**Assignment:** Under this line are records; the part from the line containing "03A01 STEERING SYSTEM (68/2-73)" through the line containing "Gucci Mini Sylvie" should be repeated exactly. Please exclude pictures.

**Exercise inputs:**
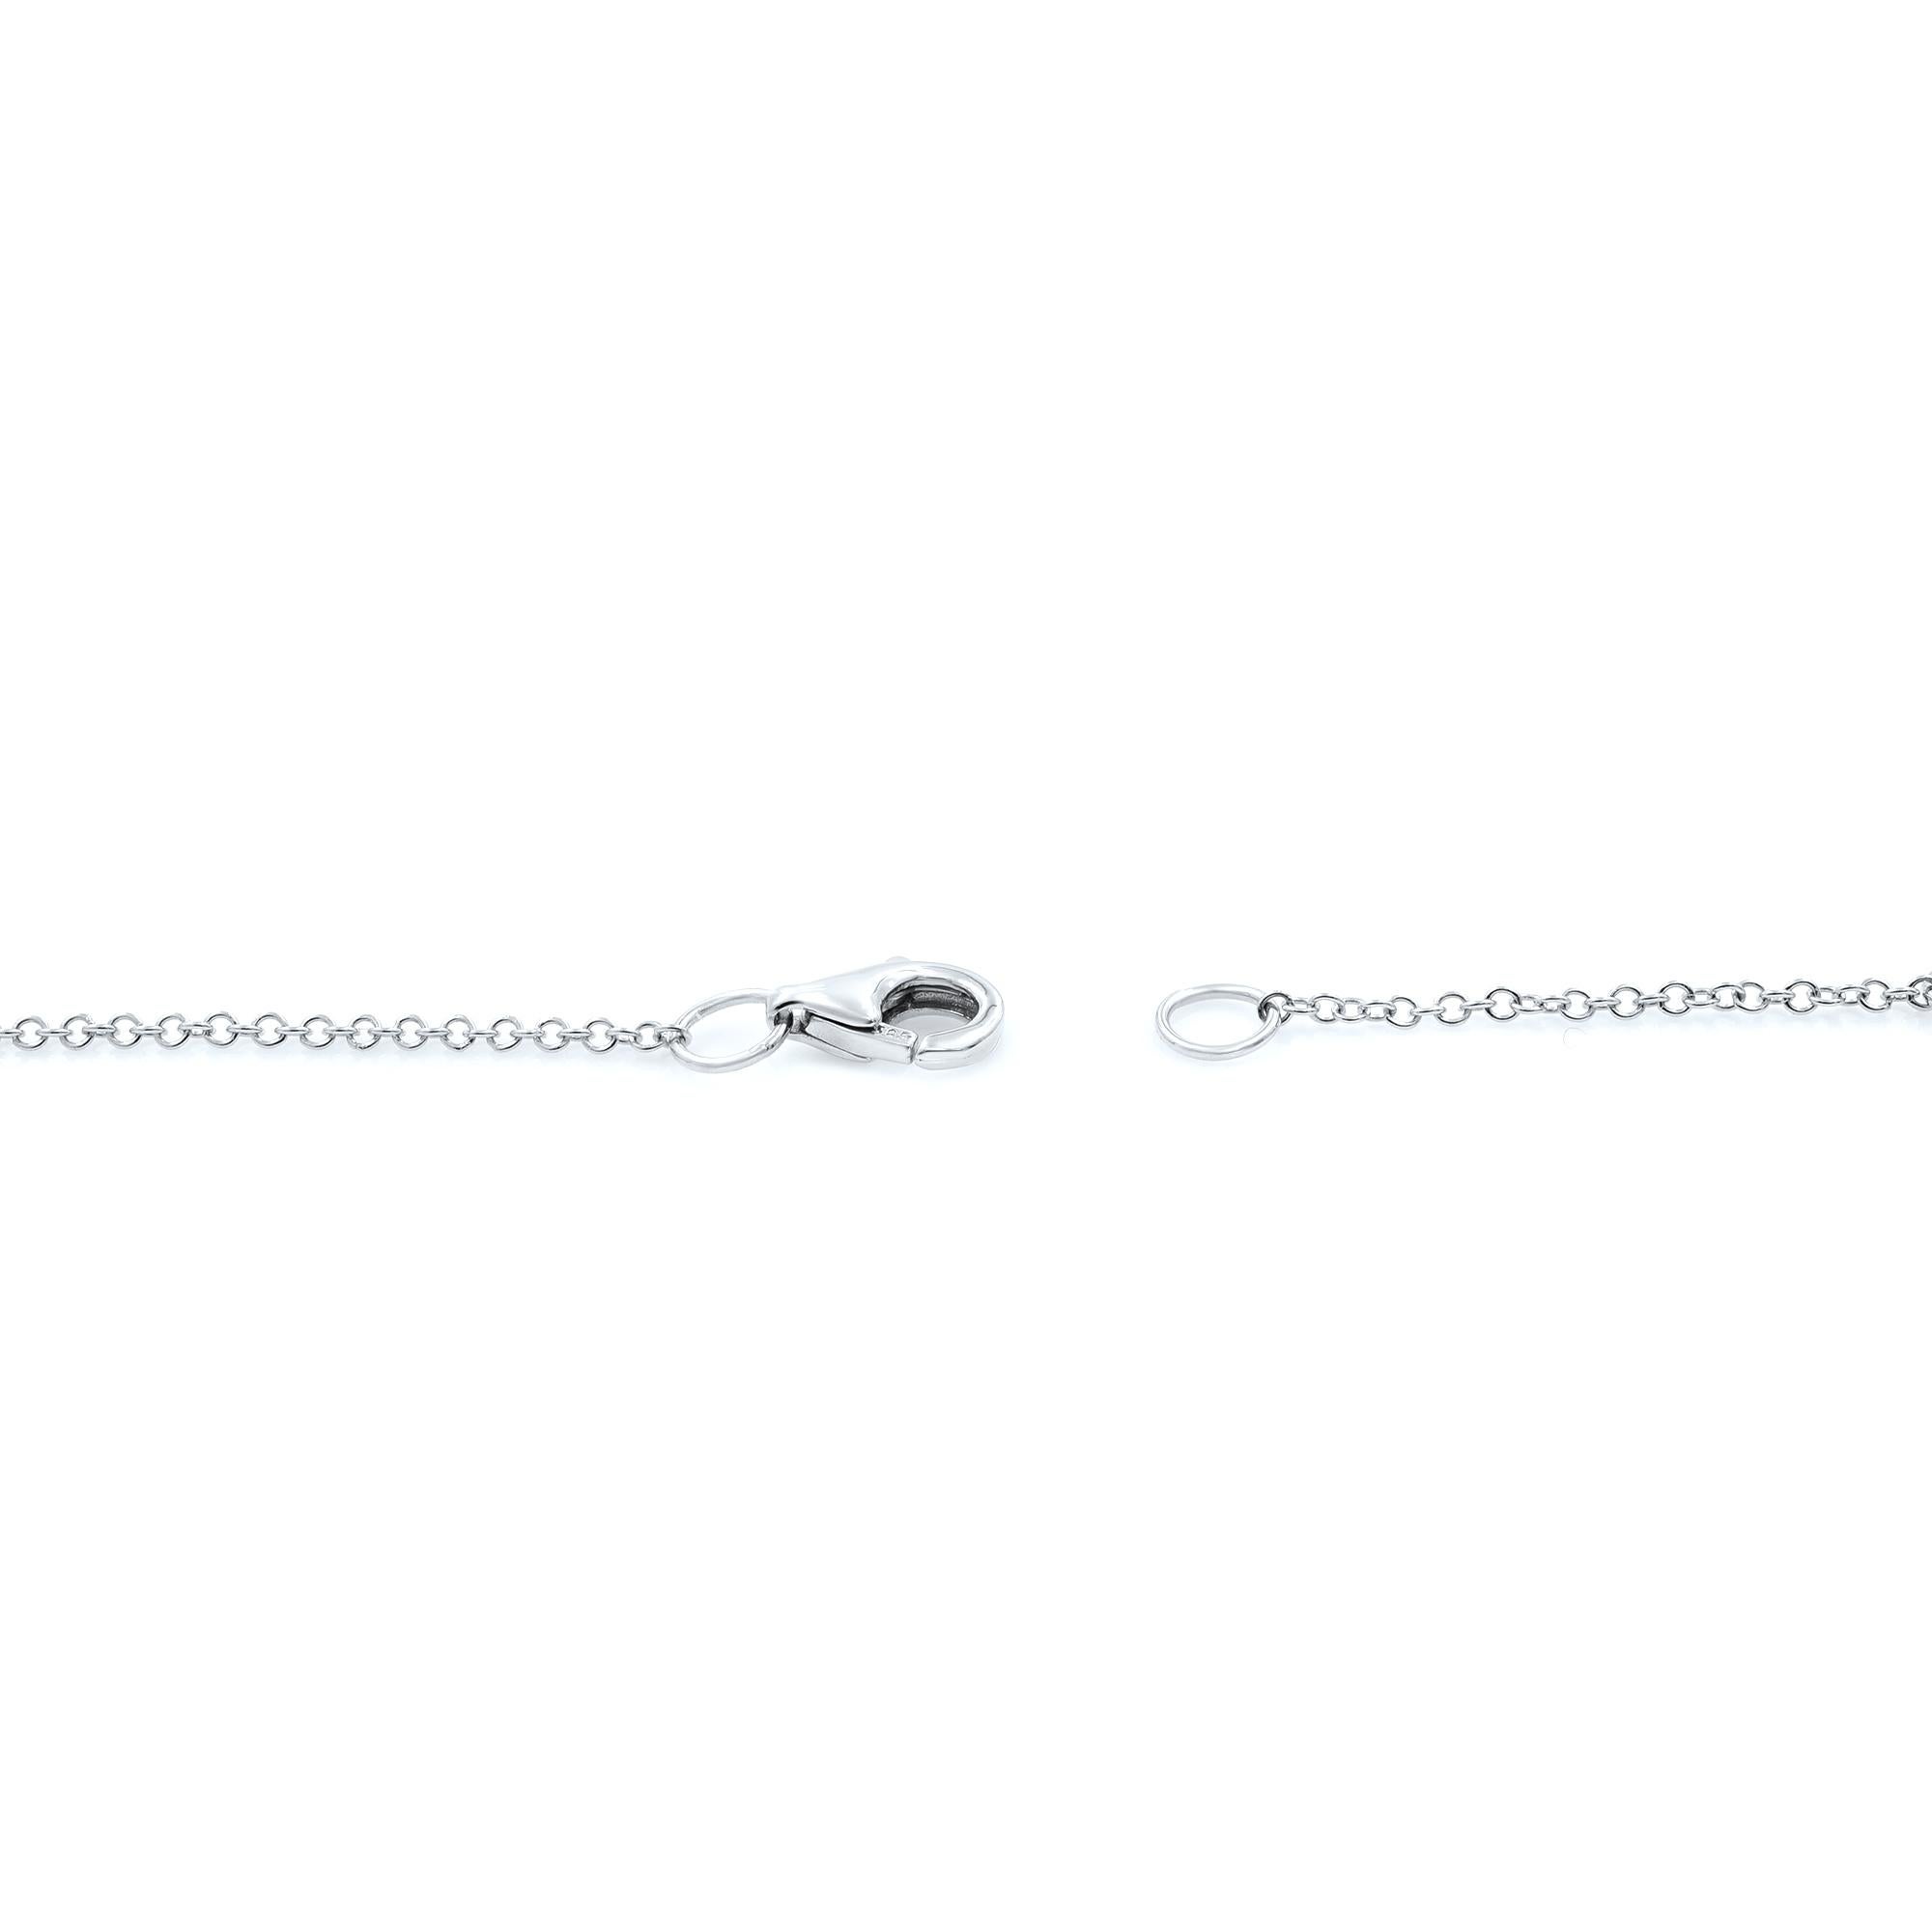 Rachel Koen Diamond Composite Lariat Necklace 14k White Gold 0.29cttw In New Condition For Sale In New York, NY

...

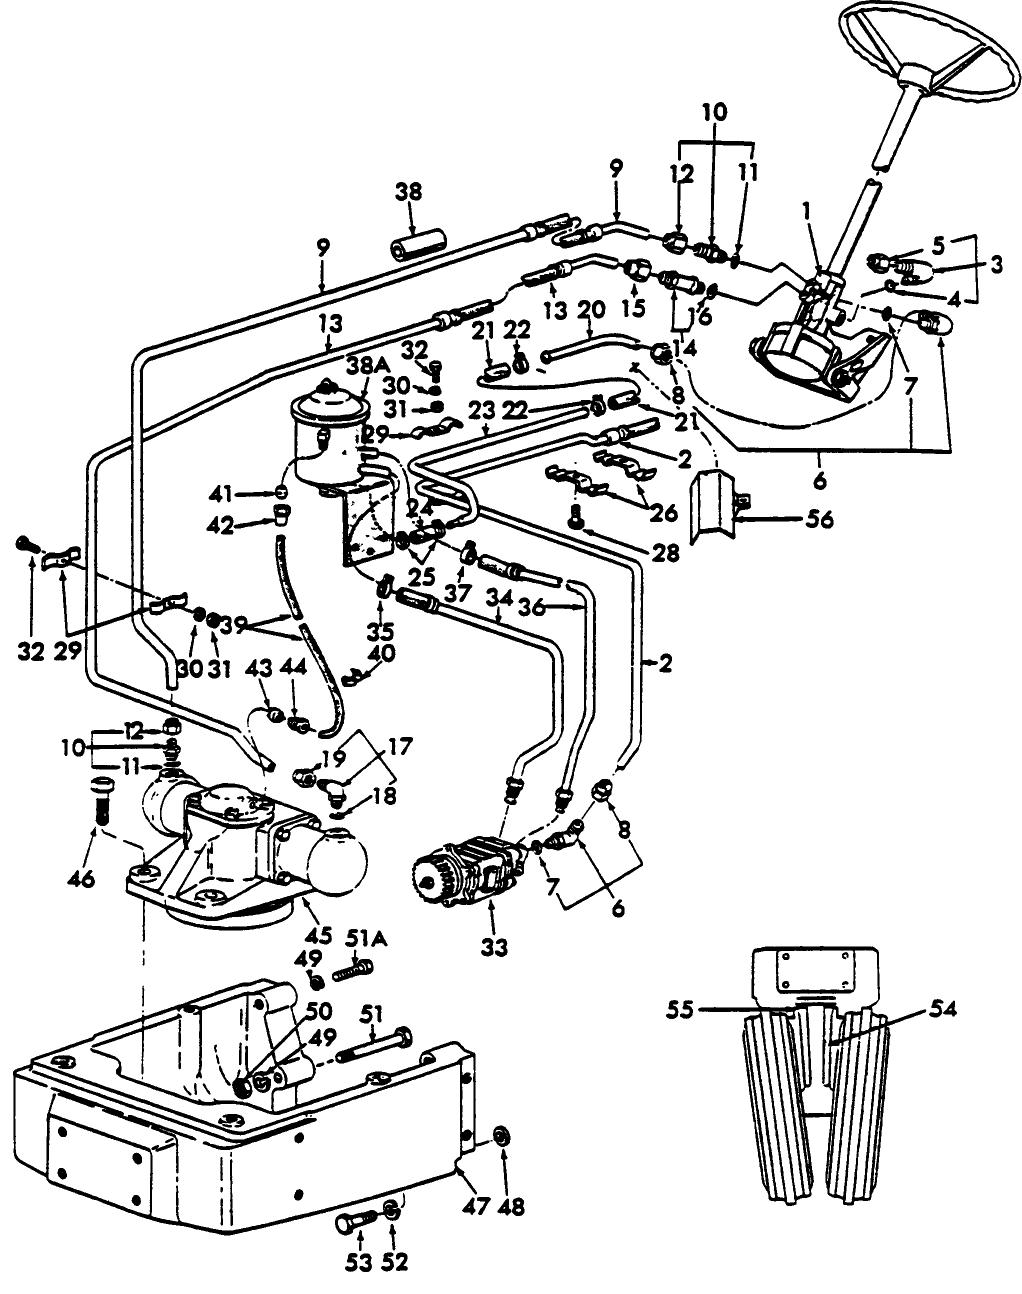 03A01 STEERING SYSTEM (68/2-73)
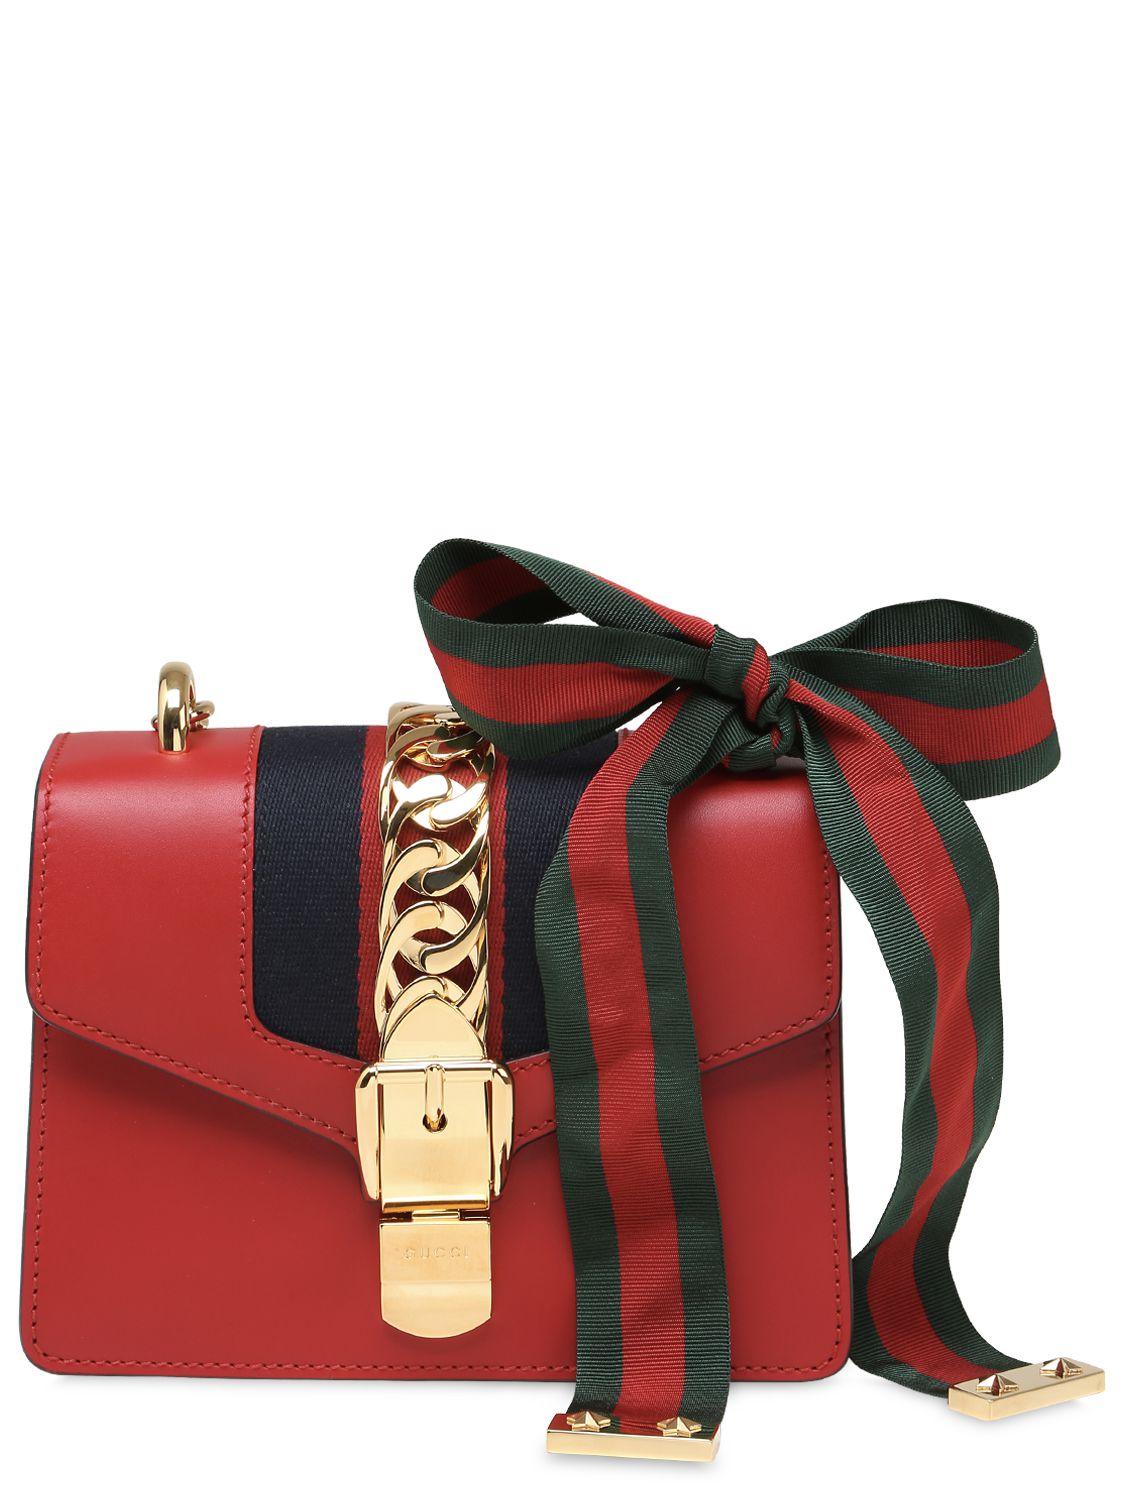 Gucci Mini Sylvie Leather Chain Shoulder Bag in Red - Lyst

**Solved exercise:**
 03A01 STEERING SYSTEM (68/2-73)
 Gucci Mini Sylvie Leather Chain Shoulder Bag in Red - Lyst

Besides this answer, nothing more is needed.